The following options exist only in beta-test versions of the program,
since they are used only for debugging.
`-/'
increments the debugging level. The default is zero (no debugging
output).
`-z filename'
opens a file for recording a memory allocation log.
`-Z address,count'
traps the program at the point where `address' is allocated or
freed for the `count''th time.
Interactive Commands
====================
Each of the commands available in PC-PATR is described below. Each
command consists of one or more keywords followed by zero or more
arguments. Keywords may be abbreviated to the minimum length necessary
to prevent ambiguity.
cd
--
`cd' DIRECTORY changes the current directory to the one specified.
Spaces in the directory pathname are not permitted.
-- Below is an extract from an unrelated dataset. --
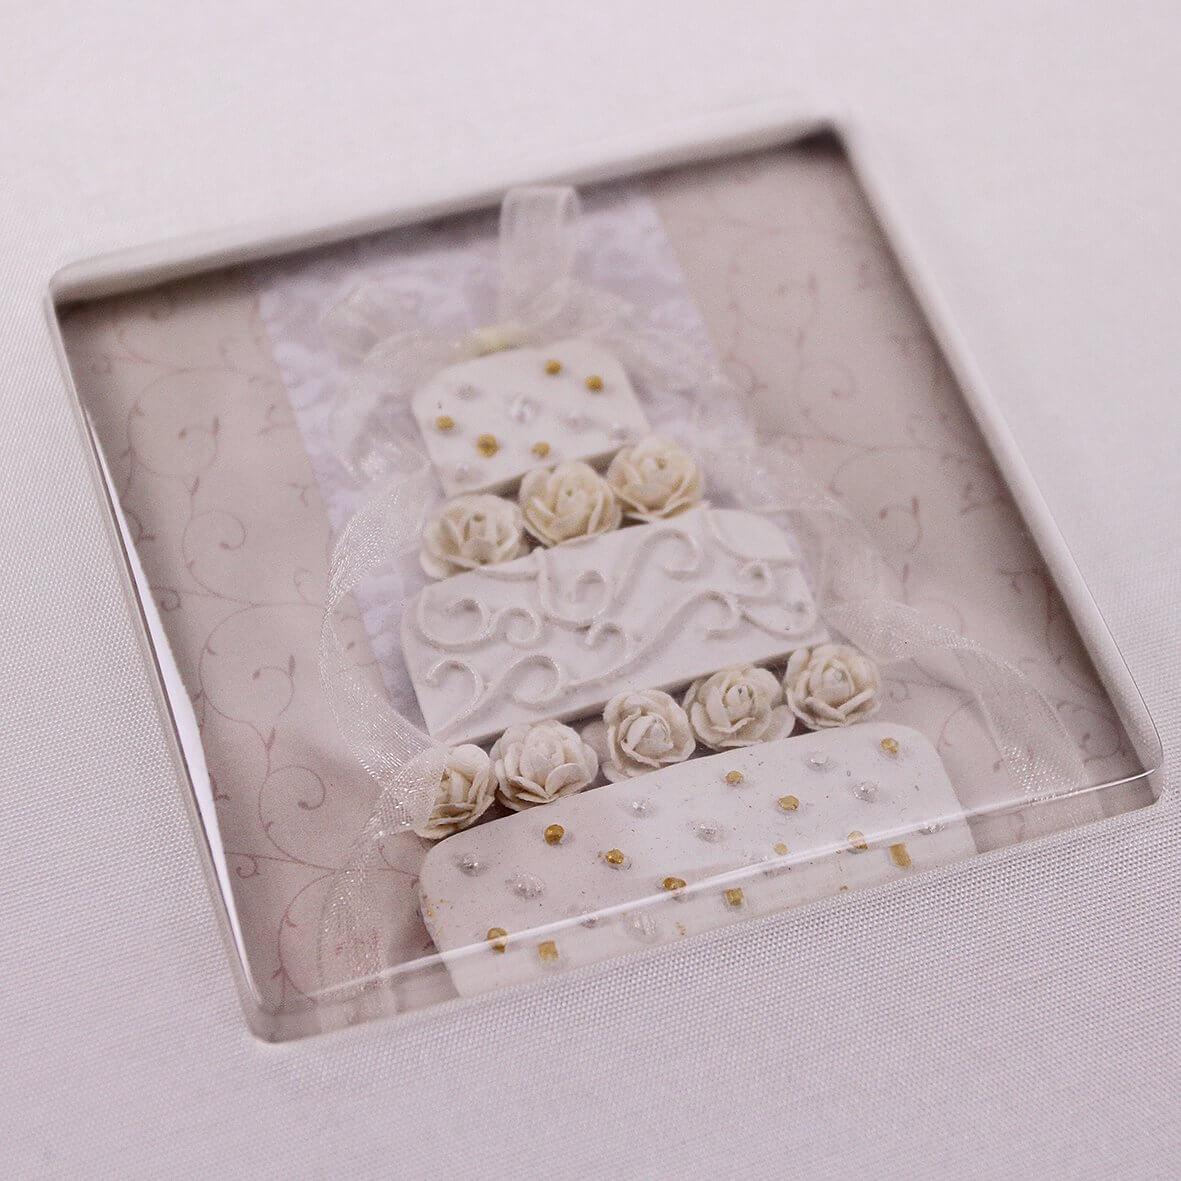 Wedding Cake Handmade Silk Guest Book - Detail

For MS-DOS or Windows, you can give a full path starting with the disk
letter and a colon (for example, `a:'); a path starting with `\' which
indicates a directory at the top level of the current disk; a path
starting with `..' which indicates the directory above the current one;
and so on. Directories are separated by the `\' character. (The
forward slash `/' works just as well as the backslash `\' for MS-DOS or
Windows.)
For the Macintosh, you can give a full path starting with the name of a
hard disk, a path starting with `:' which means the current folder, or
one starting `::' which means the folder containing the current one
(and so on).
For Unix, you can give a full path starting with a `/' (for example,
`/usr/pcpatr'); a path starting with `..' which indicates the directory
above the current one; and so on. Directories are separated by the `/'
character.
clear
-----
`clear' erases all existing grammar and lexicon information, allowing
the user to prepare to load information for a new language. Strictly
speaking, it is not needed since the `load grammar' command erases the
previously existing grammar, and the `load lexicon' and `load analysis'
commands erase any previously existing lexicon.
close
-----
`close' closes the current log file opened by a previous `log' command.
directory
---------
`directory' lists the contents of the current directory. This command
is available only for the MS-DOS and Unix implementations. It does not
exist for Microsoft Windows or the Macintosh.
edit
----
`edit' FILENAME attempts to edit the specified file using the program
indicated by the environment variable `EDITOR'. If this environment
variable is not defined, then `edlin' is used to edit the file on
MS-DOS, and `vi' is used to edit the file on Unix. (These defaults
should convince you to set this variable!) This command is not
available for Microsoft Windows or the Macintosh.
exit
----
`exit' stops PC-PATR, returning control to the operating system. This
is the same as `quit'.
file
----
The `file' commands process data from a file, optionally writing the
parse results to another file. Each of these commands is described
below.
file disambiguate
.................
`file disambiguate' INPUT.ANA [OUT.ANA] reads sentences from the
specified AMPLE analysis file and writes the corresponding parse trees
and feature structures either to the screen or to the optionally
specified output file. If the output file is written, ambiguous word
parses are eliminated as much as possible as a result of the sentence
parsing. When finished, a statistical report of successful (sentence)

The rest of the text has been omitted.